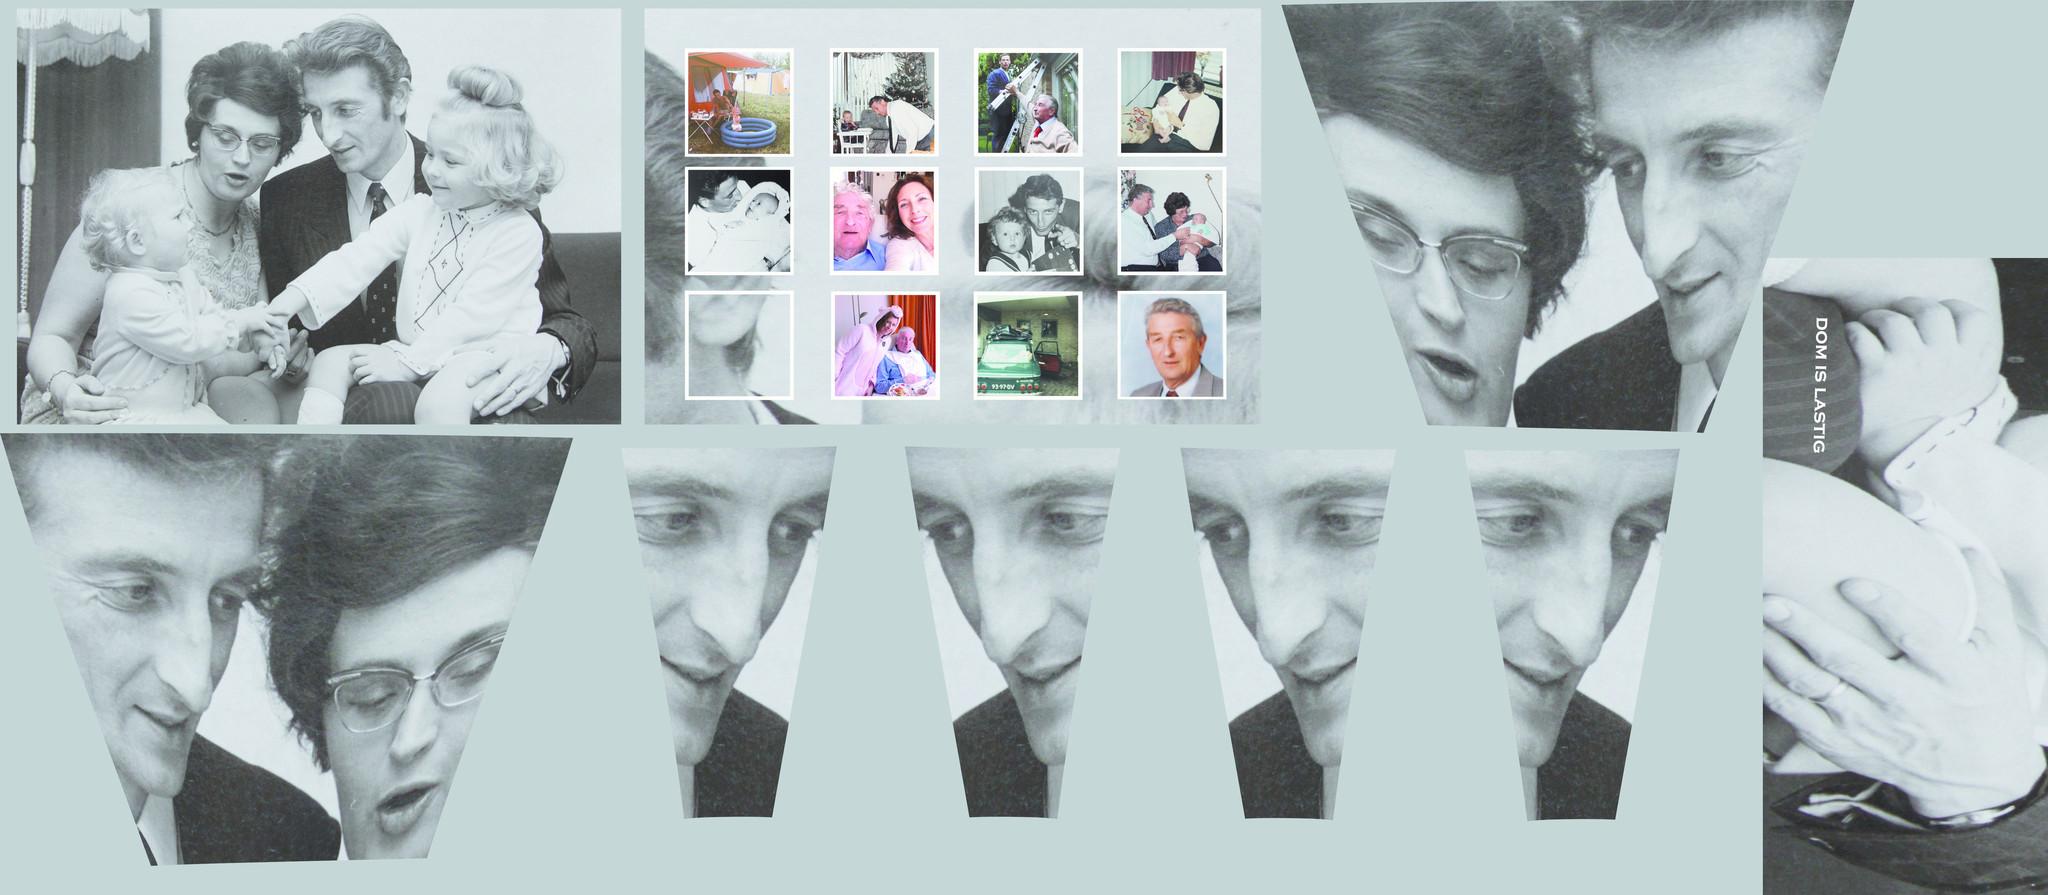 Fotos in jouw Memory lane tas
==
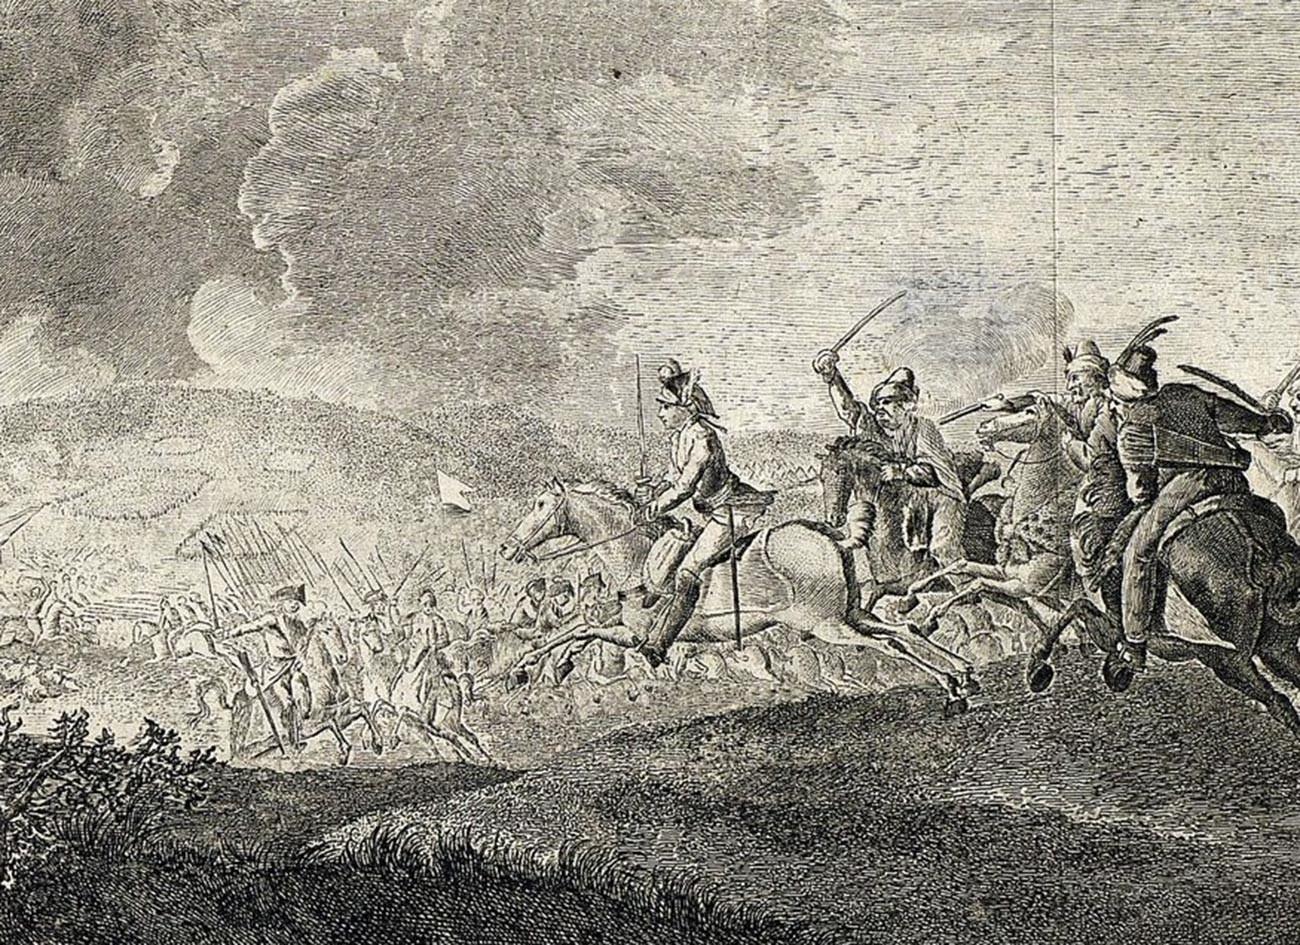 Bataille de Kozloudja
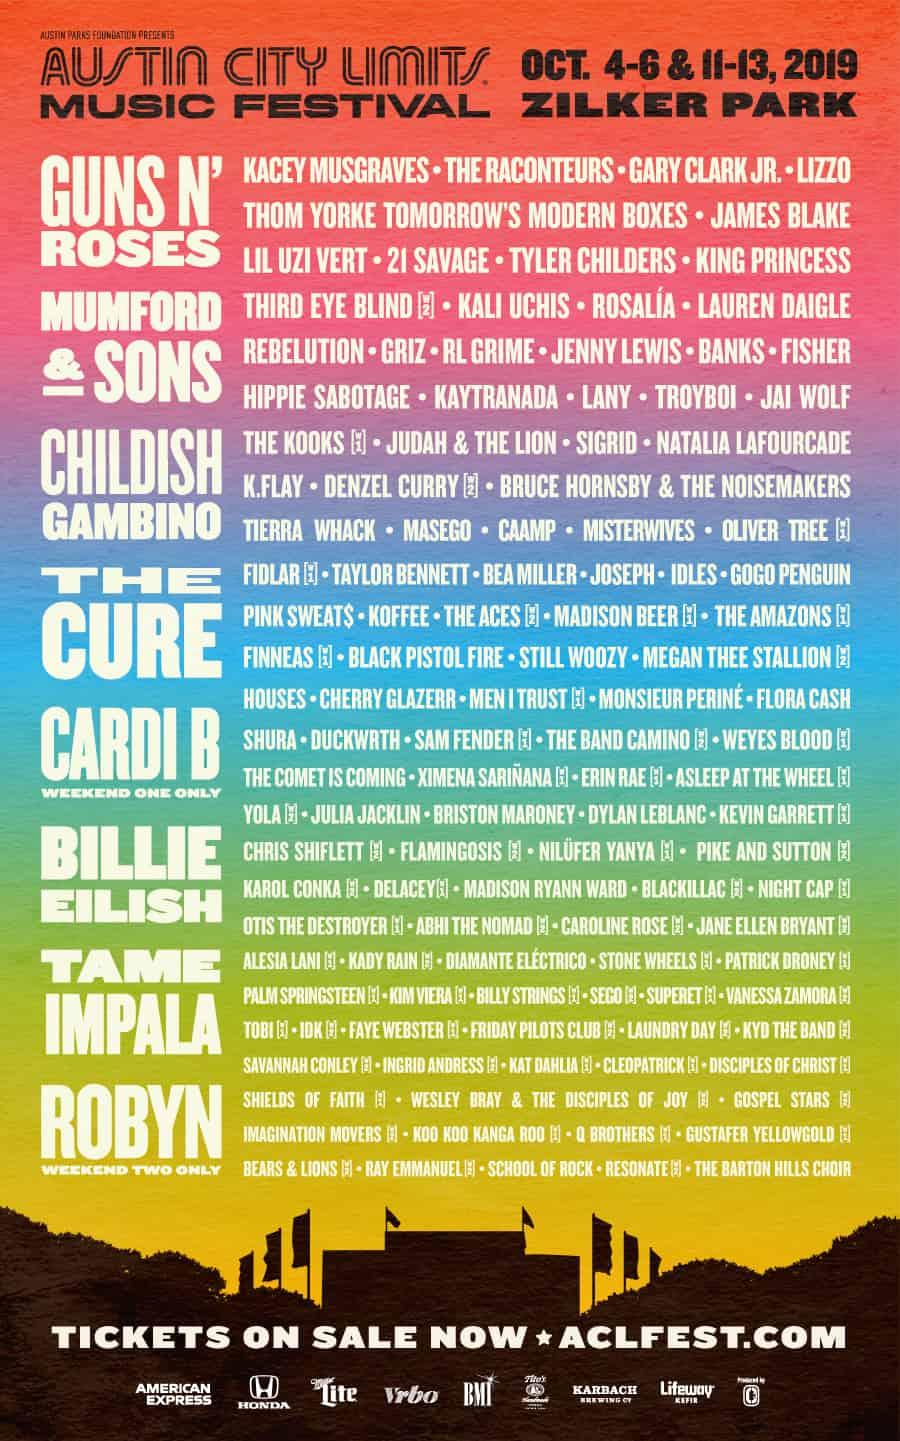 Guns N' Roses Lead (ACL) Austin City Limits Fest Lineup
--
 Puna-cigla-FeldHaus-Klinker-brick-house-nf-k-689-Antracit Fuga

• _TASK DESCRIPTION_: Beginning with the line holding "Bataille de Kozloudja" in the material above, restate word for word each line through the line holding "Guns N' Roses", and exclude pictures.

• _THE ANSWER_:
 Bataille de Kozloudja
 Guns N' Roses Lead (ACL) Austin City Limits Fest Lineup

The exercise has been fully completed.